Ewandro Stenzowski (born September 27, 1984) is a Brazilian operatic tenor and veteran of the Brazilian Marine Corps. He appeared in concerts and leading tenor roles in South America and Europe.

Biography 
Ewandro Cruz Stenzowski was born in Curitiba, Brazil on September 27, 1984. In Brazil, he earned a Bachelor of Music degree in lyric singing from the Federal University of Rio de Janeiro. He received his Master of Music in opera performance and Solistenexamen in Germany, at the State University of Music and Performing Arts Stuttgart.

Career and education

Brazil
Stenzowski started his singing studies with mezzo-soprano  at the age of 14. In 1999, at age 15, he became the youngest student in the singing program of the School of Music and Fine Arts of Paraná as a student of Lázaro Wenger and Denise Sartori, and made his debut as a concert singer at II Festival Municipal da Canção Ecológica (FEMUCE) in Pinhais, Paraná. Three years later, in 2002, he received the encouragement award Prêmio Estímulo for young singers in the Bidu Sayão International Vocal Competition at only 17 years old. Jury member Luca Targetti, then casting director at La Scala, encouraged Stenzowski to go to Italy and attend masterclasses with Carlo Bergonzi.

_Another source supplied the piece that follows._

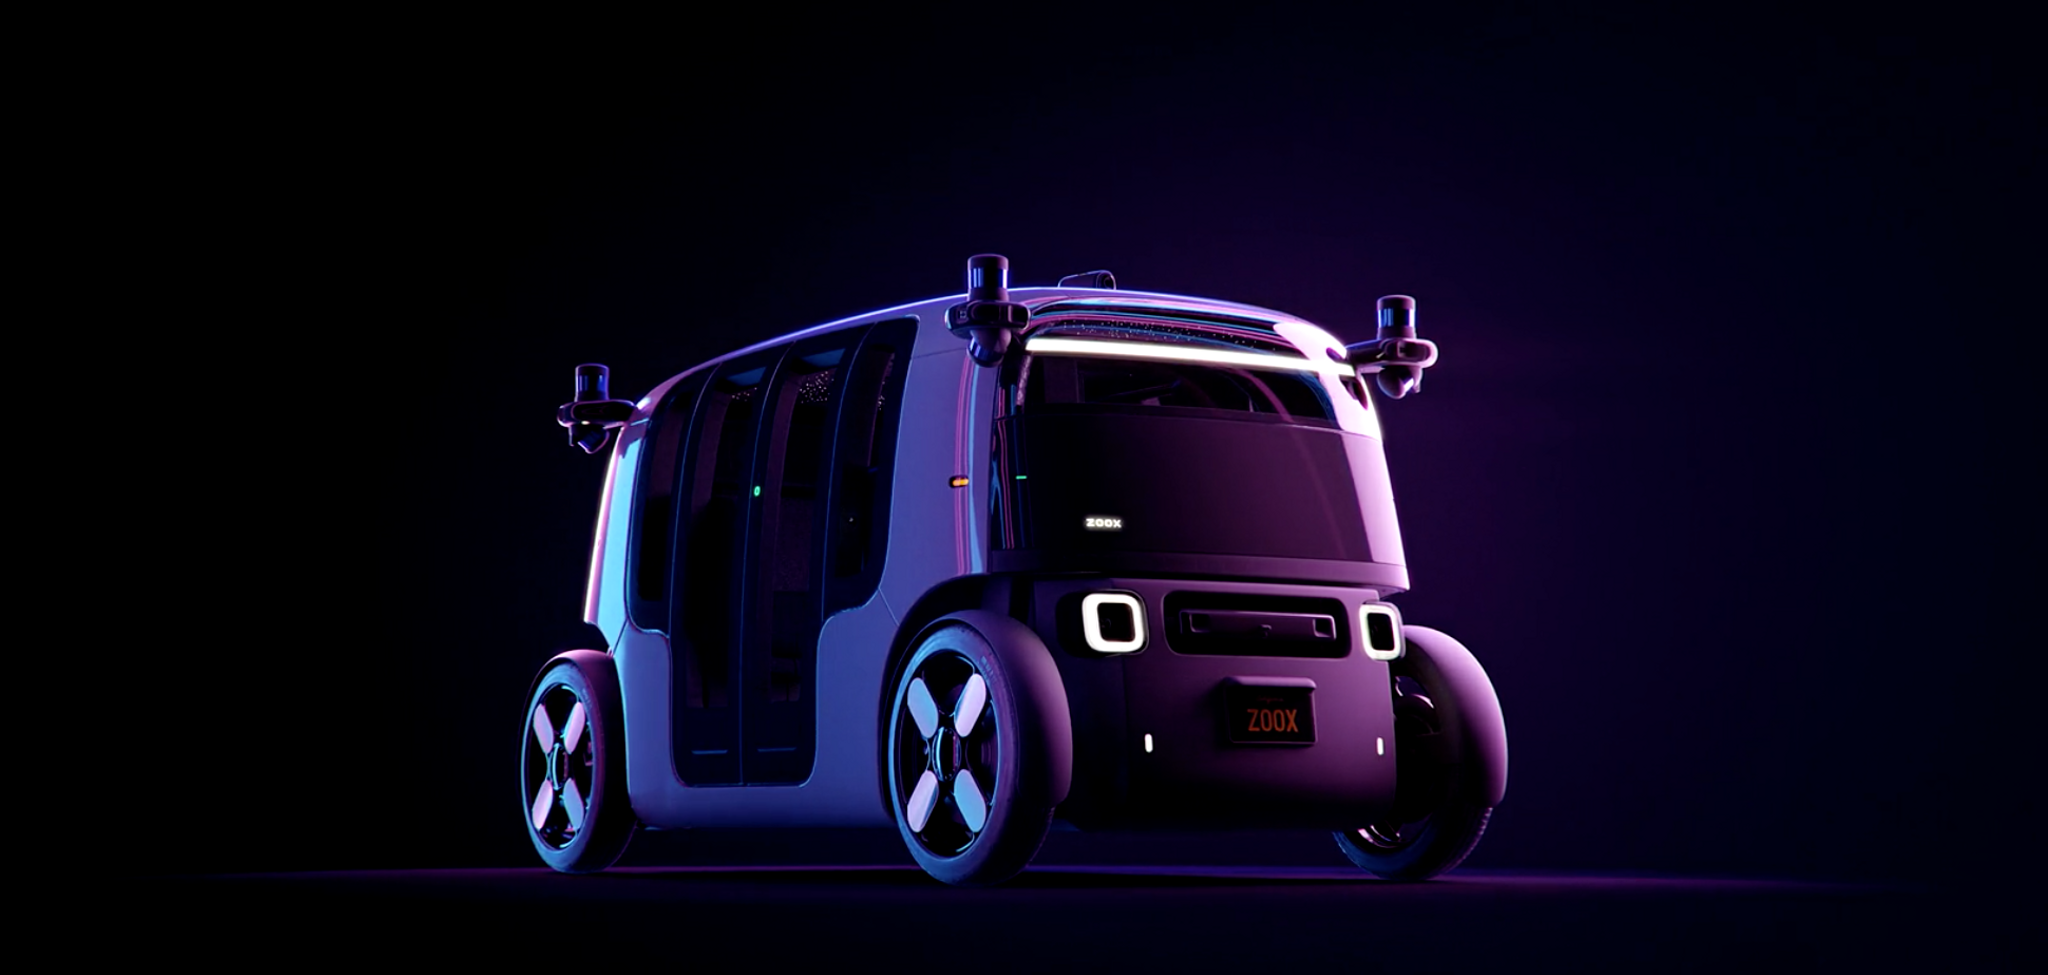 Amazon launches robo-taxis in Las Vegas

In 2006 he performed in the Brazilian premiere of the Gilbert and Sullivan opera Trial by Jury. The same year he joined the Marine Corps of the Brazilian Navy. During his time in the Marine Corps, he continued to sing in competitions. In the following year he won the VIII. Villa-Lobos National Singing Contest (Concurso Nacional de Canto Villa-Lobos, 2007) in Vitória, and third place, best male voice, and the Radió MEC prize in the Francisco Mignone National Contest (Concurso Nacional Francisco Mignone, 2007). Starting in 2008 he became a student of Cilene Fadigas and Nelson Portella at Federal University of Rio de Janeiro, while still in the Navy.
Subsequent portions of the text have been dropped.